# [TASK REQUIREMENTS]
Although the data holds pictures, return only the lines from the one containing "040e2862e85a ... Мужские" to the end, exactly, and without them.

# [COLLECTED MATERIAL]
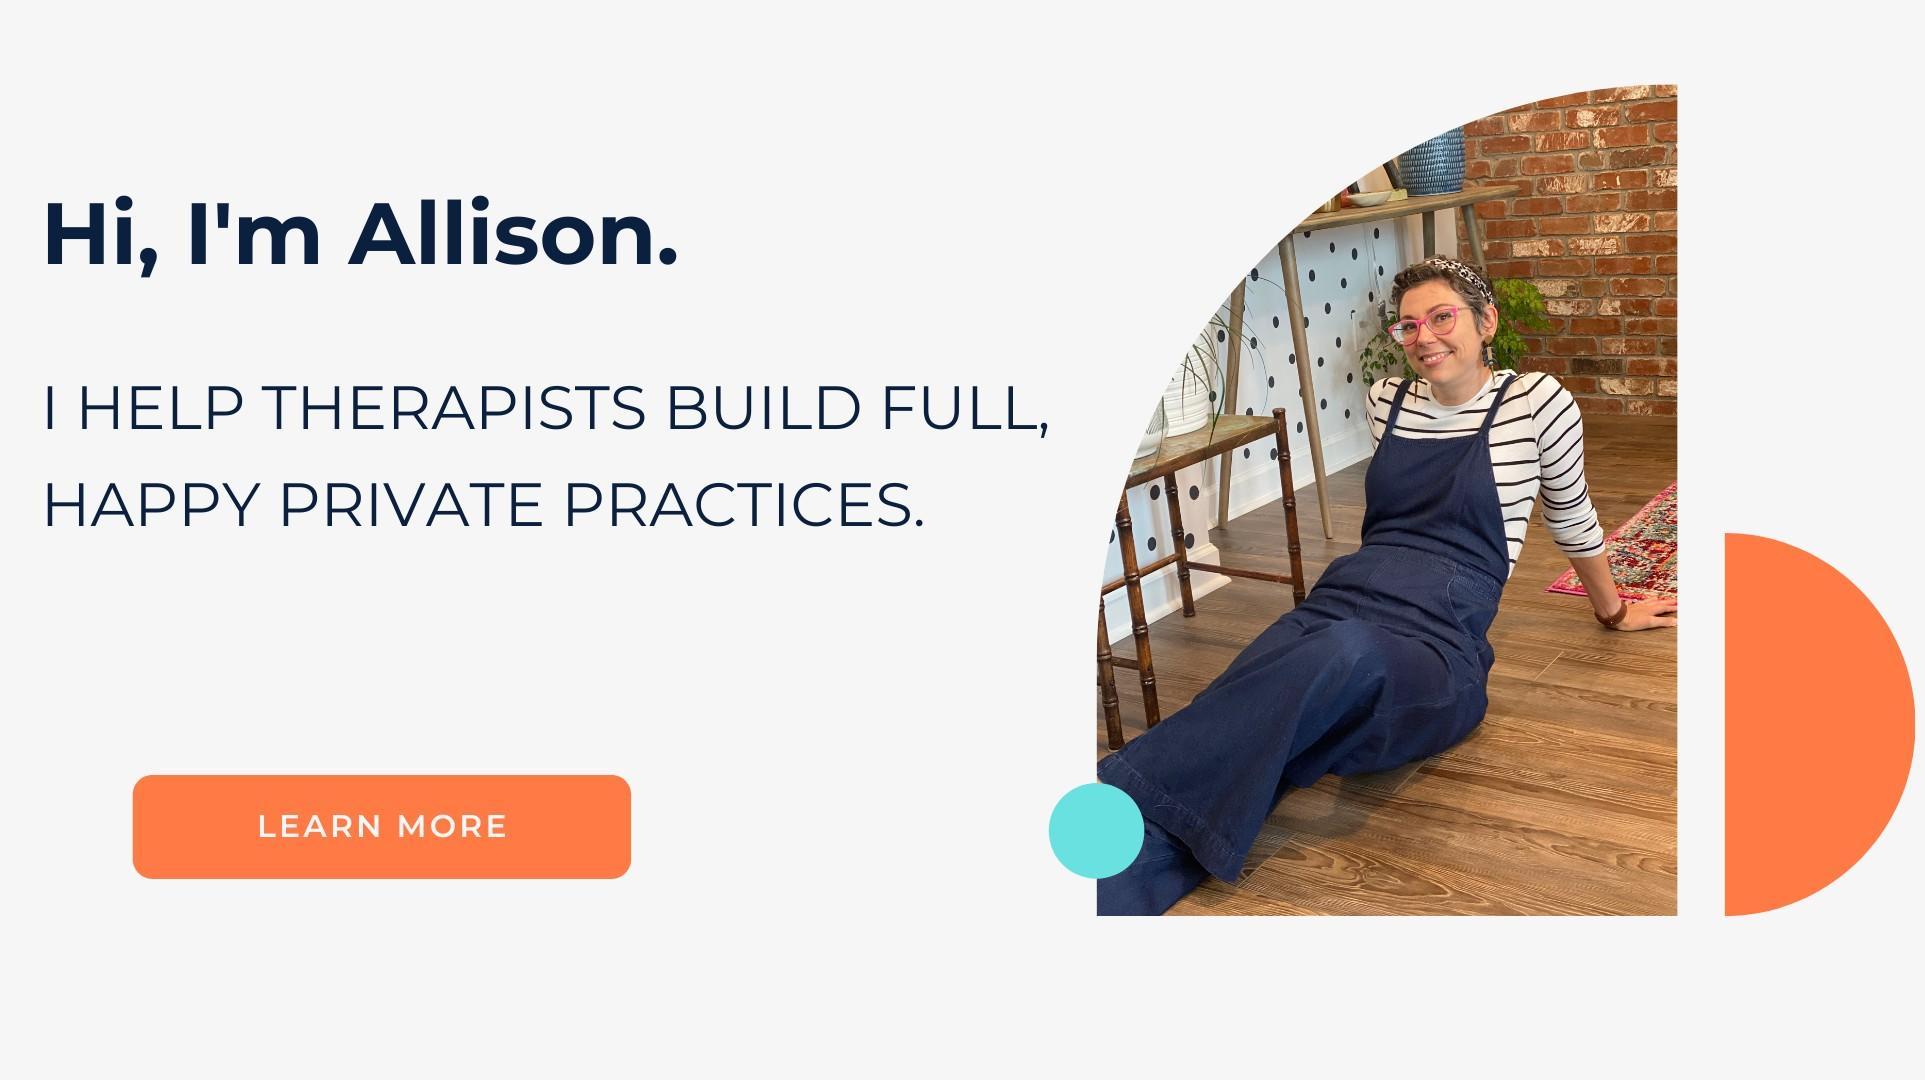 I HELP THERAPISTS BUILD FULL, HAPPY PRACTICES.
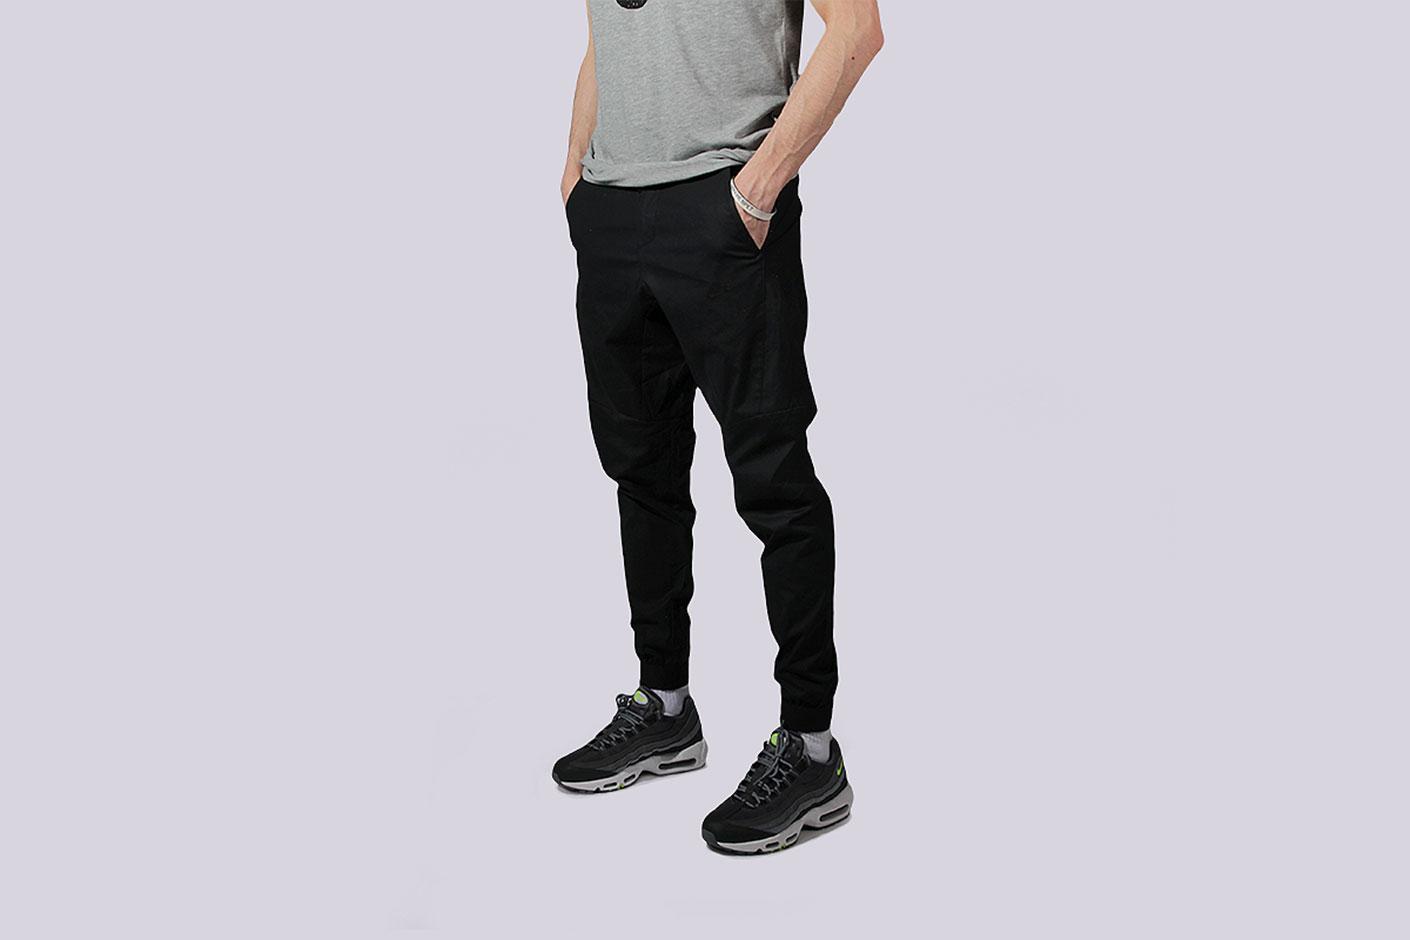 040e2862e85a ... Мужские чёрные брюки Nike Bonded Jogger Pants - фото 2 картинки ...
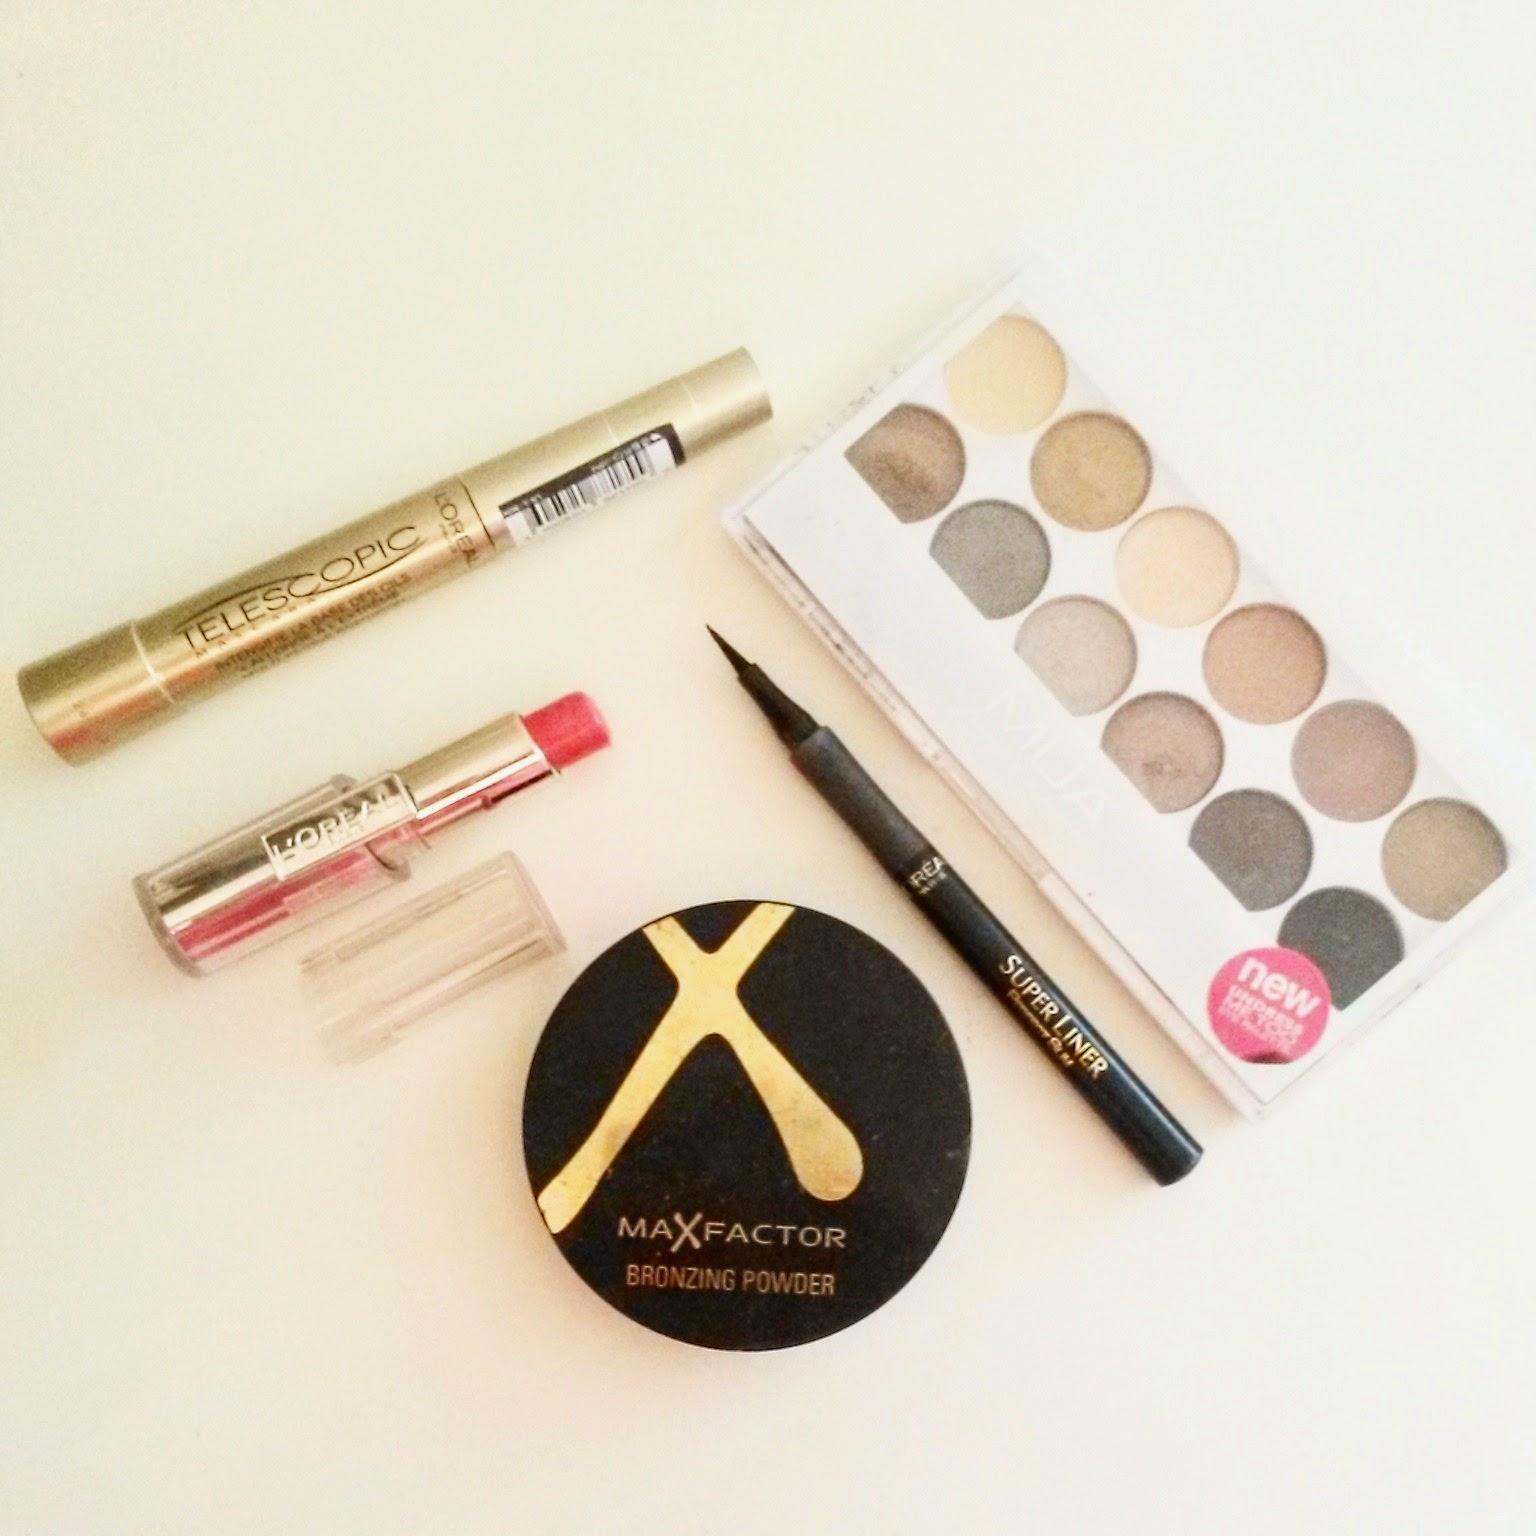 Best drugstore highstreet makeup

# [ANSWER TO THE EXERCISE]
 040e2862e85a ... Мужские чёрные брюки Nike Bonded Jogger Pants - фото 2 картинки ...
 Best drugstore highstreet makeup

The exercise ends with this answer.